Data block:
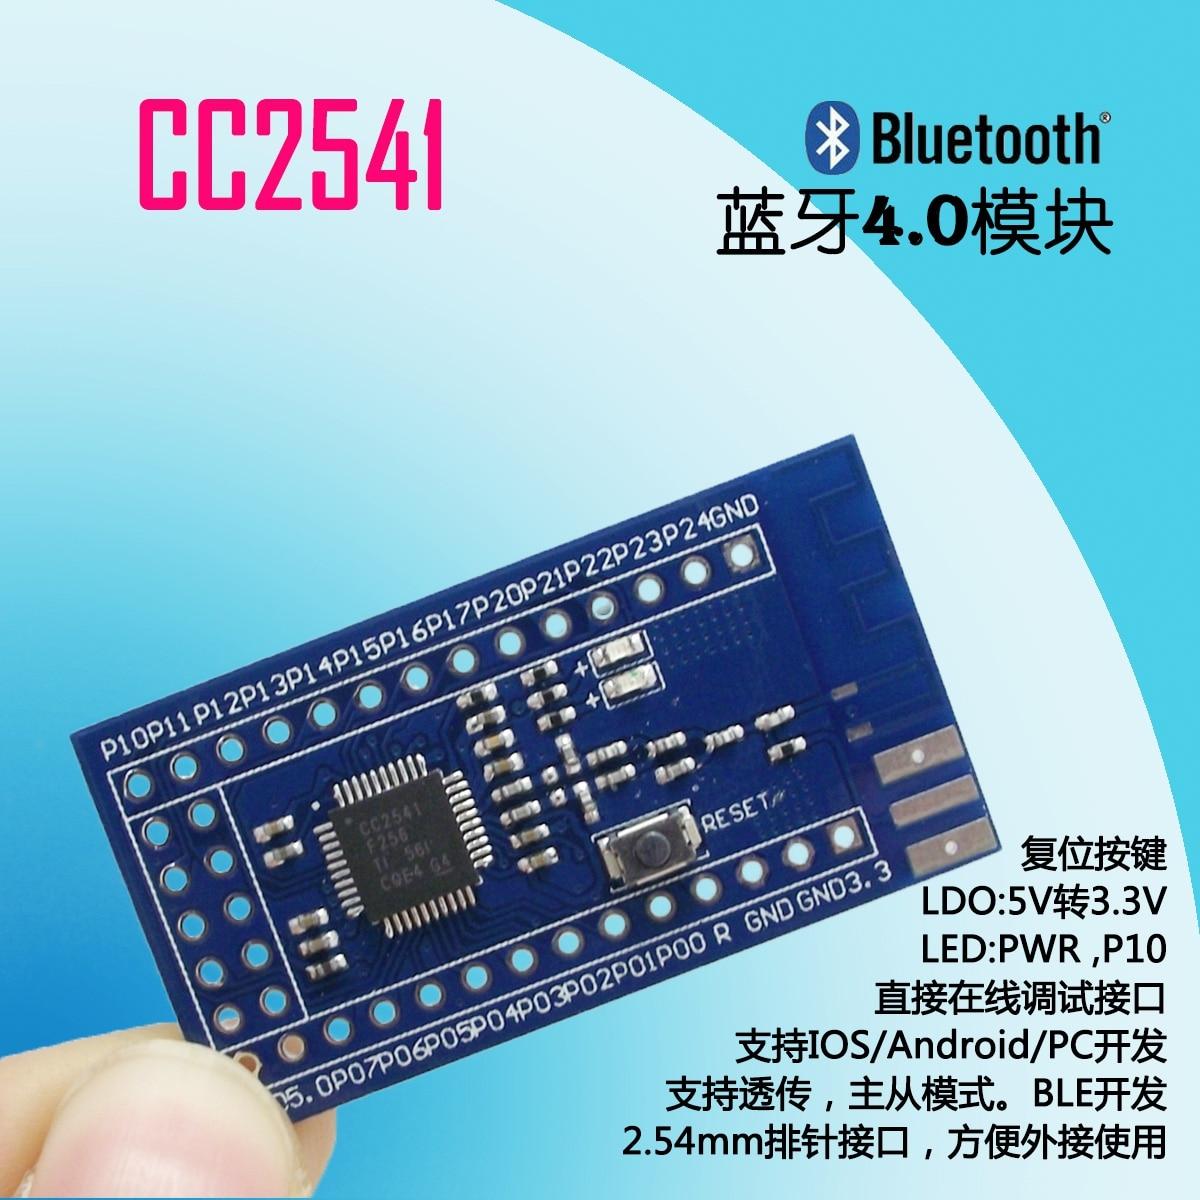 Low power Bluetooth 4 core board PCB SMA antenna CC2540 antenna CC2541 CC254x freeshipping zigbee cc2530 module pcb antenna sma
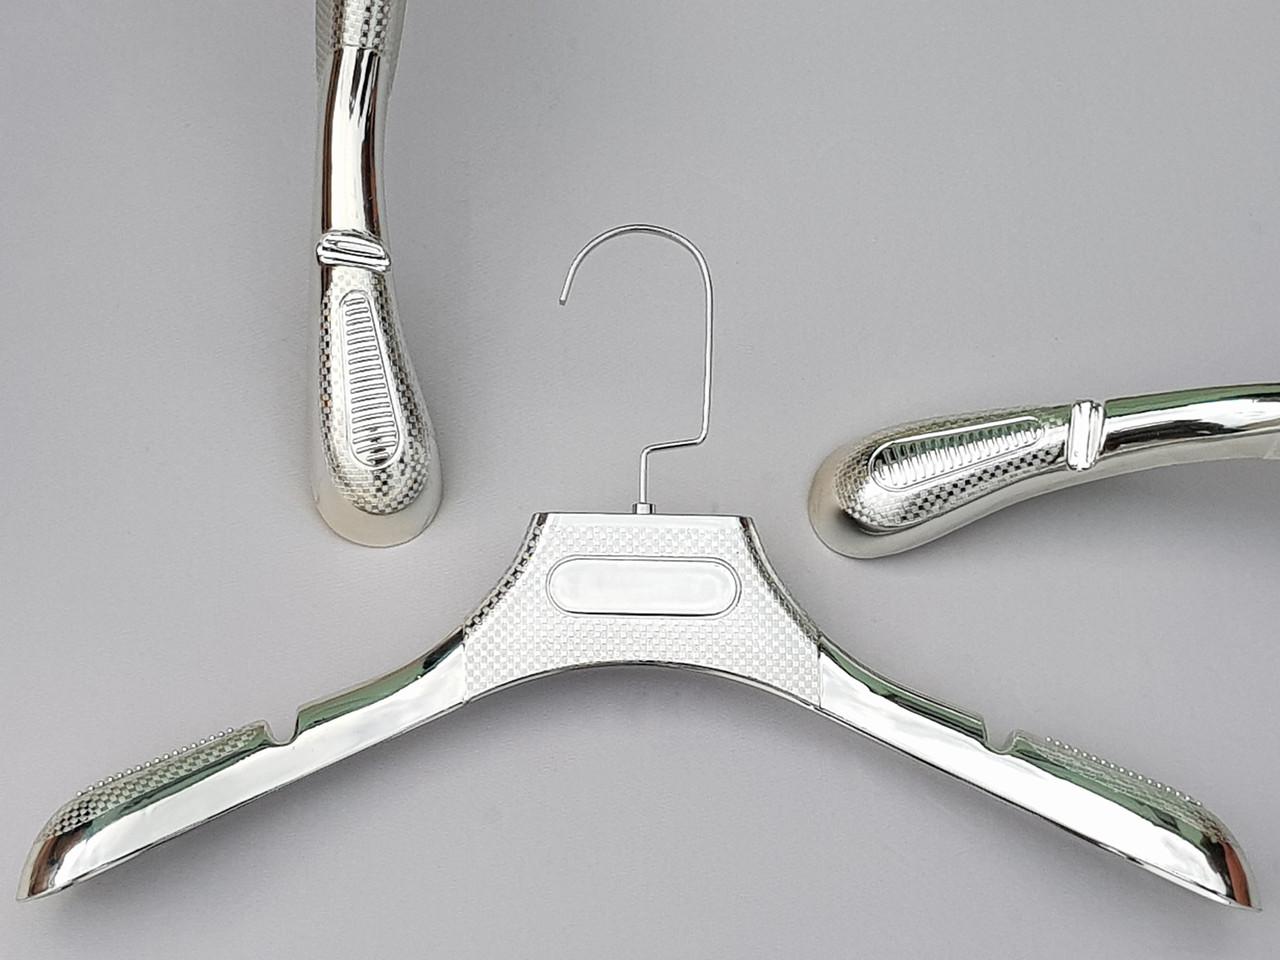 Плечики вешалки тремпеля серебристого цвета с антискользящим ребристым плечом, длина 39 см
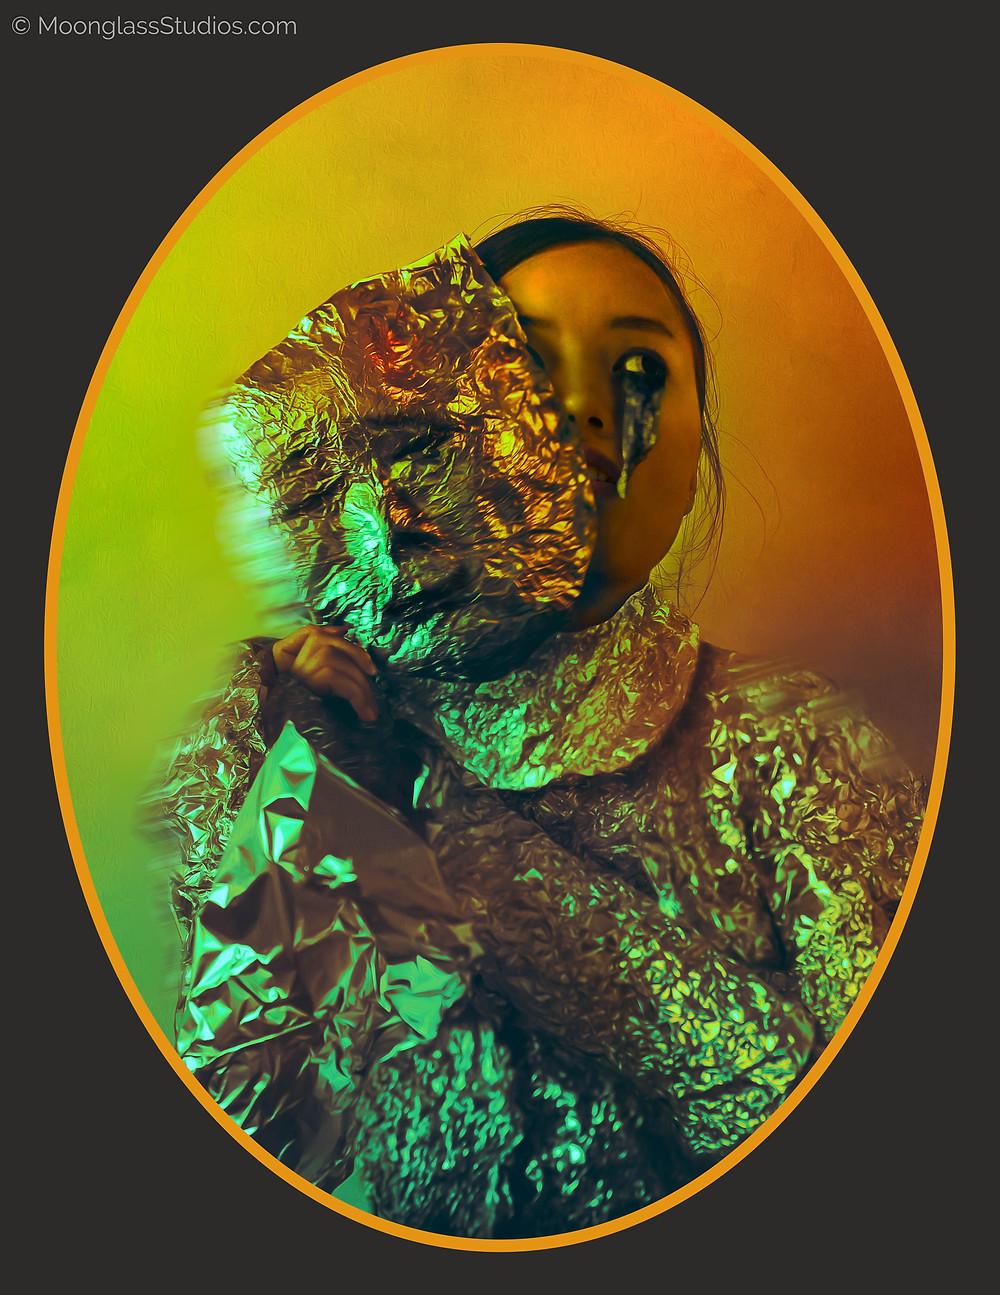 Masked Malady by Diana Chao

Exercise description: From the line containing "Плечики вешалки тремпеля" to the last line of the listing above, transcribe each line exactly, skipping the pictures.

Finished exercise:
 Плечики вешалки тремпеля серебристого цвета с антискользящим ребристым плечом, длина 39 см
 Masked Malady by Diana Chao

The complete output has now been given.